This week’s curiosity box covers topics that revolve around what I do when it is winter: scrap ice of windscreens, read, and sip hot chocolate.

This curiosity box covers the following topics.

1 – Why and how does ice form on windscreens?

2 – How do you get rid of pests without killing them?

3 – What is the history of hot chocolate?


1 – Why and how does ice form on windscreens?

As much as I like the festivities during winter, I dislike the difficulties that come with the mornings. I find myself expending my motivation and energy just to get myself to the train station in a 4-degree pitch-dark 6’o clock morning. But what really gets to me is when I first need to get rid of a good thick layer of ice that formed on the windscreen before heading off.

As I was scraping the ice out, I wondered to myself. The windscreen was dry since last night, there was no rain, and the temperature is well above freezing point. The inner curiosity sprang up to know why and how ice forms on a windscreen despite all the conditions I just mentioned.

Recap primary school physics. Radiation is the emission or transmission of energy through space, and all objects emit radiation in the infrared spectrum (i.e. in simpler terms – heat). Convection is the process when the heat is transferred from hot places to cold places.

Compared to the dark night sky, the glass is hotter; therefore, it emits radiation outwards towards the sky. Also, because glass is a poor conductor of heat, it does not absorb enough need from the atmosphere. The water vapour in the atmosphere condenses on the windscreen. Water combined with the loss of heat due to radiation and the lack of heat absorbed due to convection leads to ice formation.

Interestingly, around 400BC, Persians took advantage of the same principle to make ice in the desserts. They placed water in shallow trays in deep well-isolated holes exposed to the dark night sky. Along with other perishable food items, they then stored ice in Yakhchāls. And Yakhchāls made it convenient to make a sweet cold dessert that still exists today – the Faloodeh. Who would have thought that scraping ice before work has a link to Faloodeh?


2 – How do you get rid of pests without killing them?

A book I am reading this week is So Close to Heaven by Barbara Crossette. The book talks about Buddhism practices in the Himalayan countries and the many problems it faces. Like all religion, Buddhism too has its instructions codified in textbooks that are hundreds of years old. Monks and Lamas take years of disciplined training to learn and apply the teachings from the books into practice.

Because of a shift in ideologies due to globalization, the new generation is not showing the needed interests to carry the lessons from the book forward. However, monks have a more significant concern – the ancient textbooks is like a Michelin star buffet for a tiny insect called the Silverfish.

You might wonder that a simple step would be to call pest control. But that is where the problem lies. Buddhism prohibits to injure and harm animals, including the little pests. This led to the question that got me curious – how do you get rid of pests without killing them.

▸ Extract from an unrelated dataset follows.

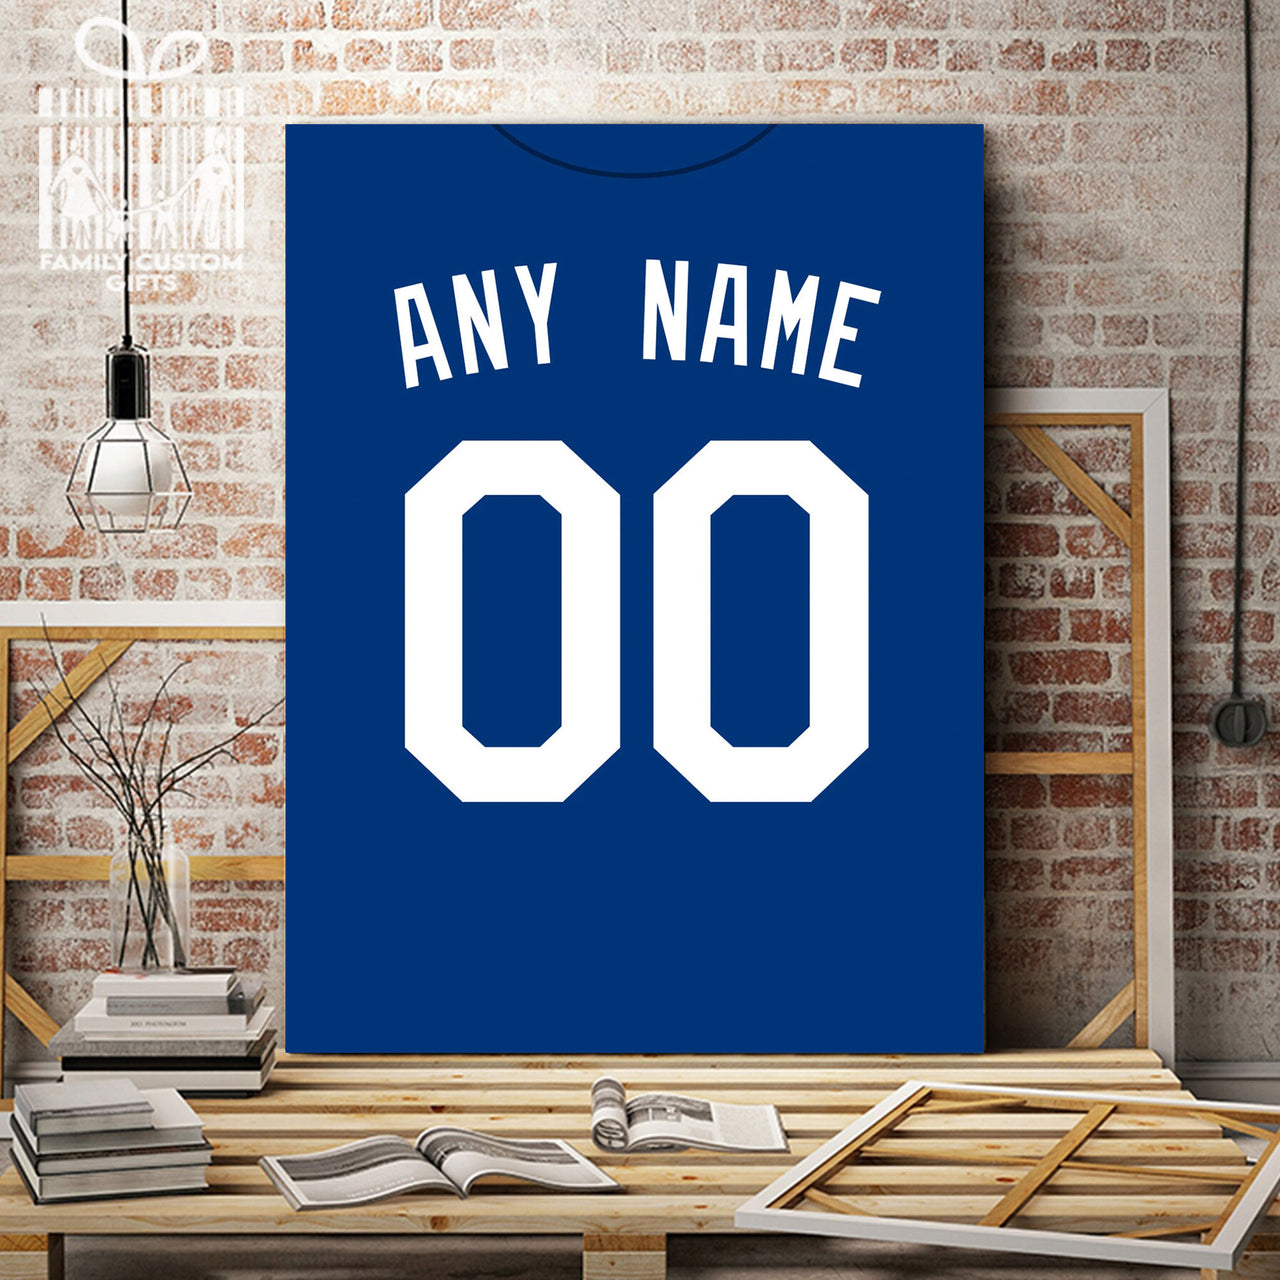 Personalized Los Angeles Dodgers custom Baseball jersey Shirt

The Silverfish is not one of your pleasant-looking insects. This wingless anthropoid loves to eat any starchy kind of substance, including books, glue, cereal, and flour. Completely sealing off books will not necessarily get rid of the Silverfish because they can go without food for a year. So they will continue to linger around until they find something else to eat.

The three simple steps to get rid of pests without killing them are prevent, repel, and remove. Here are a few suggestions to get rid of common pests you will find around your house.

  • Ants – use a vacuum cleaner to suck the ants out. Empty the dust collector a little away from the house, possibly in a garden.
  • Rodents – Simple. Get a cat.
  • Cockroaches – use bay leaves; they apparently hate the smell of bay leaves.
  • Fleas – apply Vaseline on a plate and keep it under nightlight. Nightlight attracts the fleas, and they get stuck on Vaseline. The next morning you can take the plate out and sprinkle sand on the plate. The fleas then use the sand particles to get out.

You might wonder how Buddhist got rid of Silverfish. Well, they had to seal the books and ensured there were no other silverfish friendly food items around.


3 – What is the history of hot chocolate?

For me, a sweet and soothing elixir during the winter months is hot chocolate. Just a small portion lifts my spirits up, and I sleep better. However, this drink does not have a sweet past. The very first form of this warm and sweet drink was precisely its opposite: it was cold, bitter, and mixed with chillies.

Approximately in 1900BC, people in Mesoamerica (present-day Mexico) were drinking chocolate made from ground-up cocoa seeds mixed with water, cornmeal, and chilli. The Mayans revered Kulkulkan, a winged God, and believed that it was Kulkulkan that blessed them with the cocoa seeds. They would pour the drink back and forth between cups until a thick foam is formed and they enjoyed the beverage cold.

The drink was reserved for the royals and for those who are willing to fight. Drinking the cold and bitter drink was a regular military routine for the Aztec warriors.

In the 1500s, the drink founds its way to Spain. There were many uses for the cocoa seeds in Europe. It was considered an aphrodisiac and was used in treating stomach pains. To make the drink more palatable, honey and sugar were added to it. And viola – the sweet powered cocoa tasted better. After the invention of the cocoa seed press, the chocolate came into existence, and the rest is history.